# Loan pre-bankruptcy still on Credit Record



## Stuboy (3 May 2019)

Howdy,

I'll keep this short.
Wife (former bankrupt) applied for a loan, was refused and called by bank.
Have found an old credit union loan (included in bankruptcy) still being recorded on credit report.
ISI have instructed us to write to the CU and request correction.
has anyone experienced similar? was it much hassle with the lender to get resolved?

Cheers


----------



## Gordon Gekko (3 May 2019)

Surely bankruptcy doesn’t delete one’s credit record?


----------



## RedOnion (3 May 2019)

Gordon Gekko said:


> Surely bankruptcy doesn’t delete one’s credit record?



it doesn't delete the credit history, but it sounds like the loan is still outstanding in OPs case.
CU needs to close the loan, and then amend the CCR record. Only the CU can do this.


----------



## Stuboy (3 May 2019)

Yes, the issue is that this one loan is showing as still active wiht payment schedule being missed in 2019, when the loan should be closed as of bankruptcy date as is the case with the other loans of that period. this is the only loan that there is an issue with. all others were closed off at the bankruptcy date.


----------



## Stuboy (16 May 2019)

Just in case anyone encounters a similar issue...
The ISI recommendation is a complaint tot he data protection commissoner (done)
and also a letter to the institution to rectify (also Done - but they're crying off with the 'there must have been an IT problem' excuse at the moment)
I'll update on the resolution and how straightforward it is (or isn't)


----------



## breakonthru123 (17 May 2019)

Stuboy said:


> ..the loan should be closed as of bankruptcy date as is the case with the other loans of that period.

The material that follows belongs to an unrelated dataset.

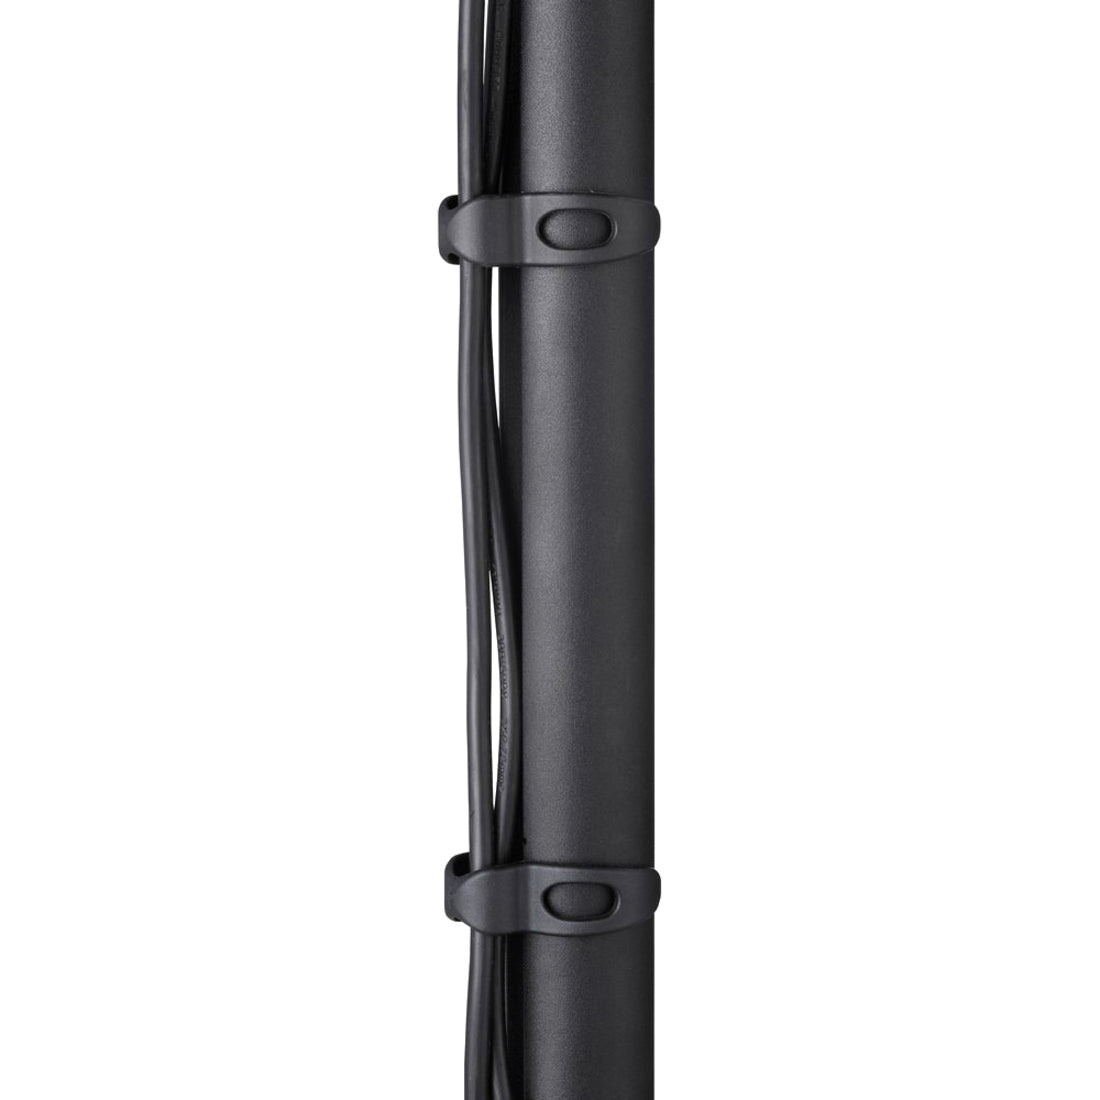 Atdec SD-DP-750 Quick Shift Donut Pole Mounting Kit, Dual LCD Mounts for 12"-24" Screens, Black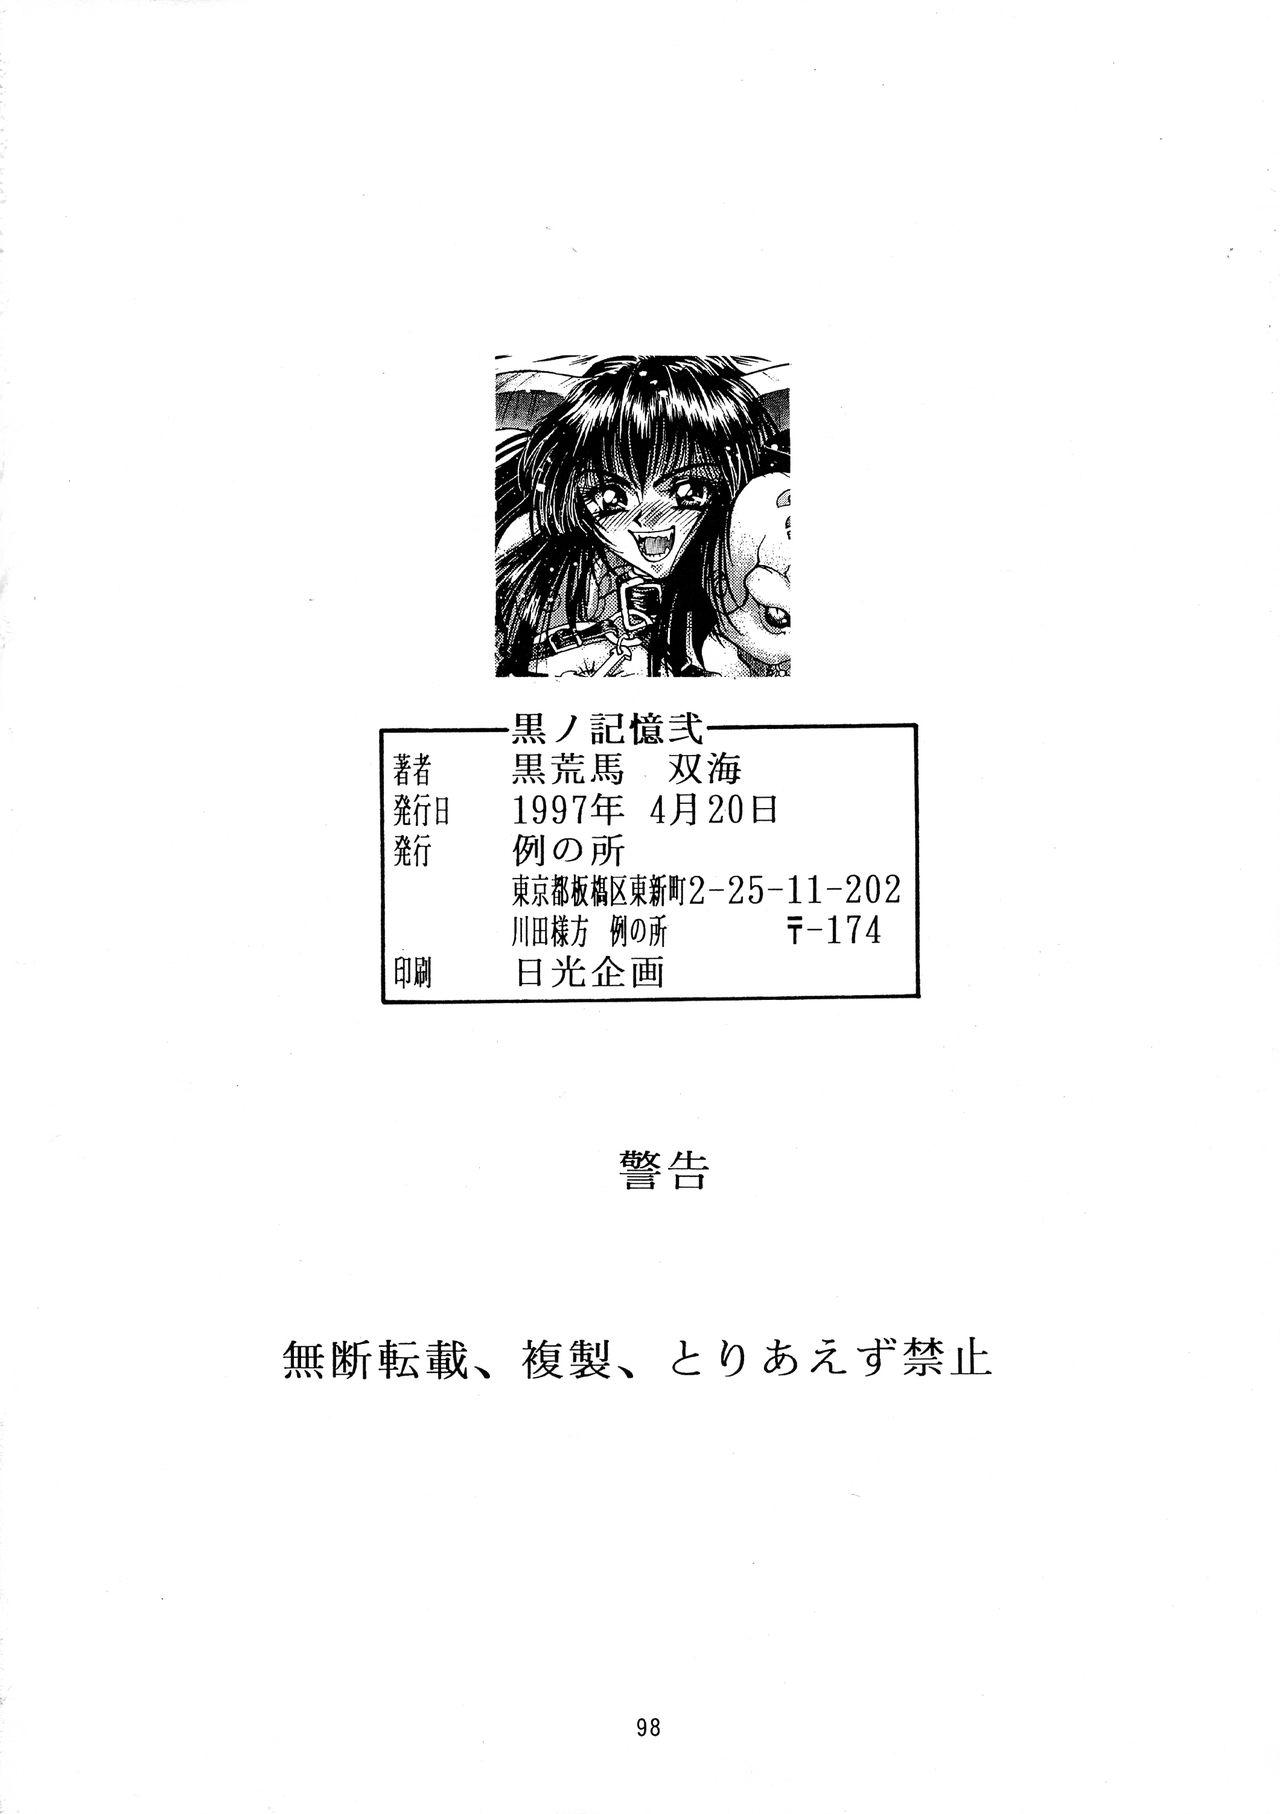 Sesso Kuro no Kioku Ni - Neon genesis evangelion Street fighter Berserk X men Masterbation - Page 98

Hi @Stuboy, could you qualify what ‘date’ you’re talking about? Date bankruptcy was declared originally in High Court OR later date of exiting bankruptcy?

(My wife and I should be exiting bankruptcy in early July, so if it’s the former ‘bankruptcy declaration date’ then we too should seek our credit reports and ‘correct’ any loans still presumed ‘active’.)


----------



## AH2017 (4 Jun 2019)

Backdated to date of adjudication in my experience


----------



## Stuboy (25 Jun 2019)

yes backdated to date of adjudication in the case of a loan, where an asset is concerned it is cleared once the surrendered asset is sold. AFAIK. that was certainly the case with our house.


----------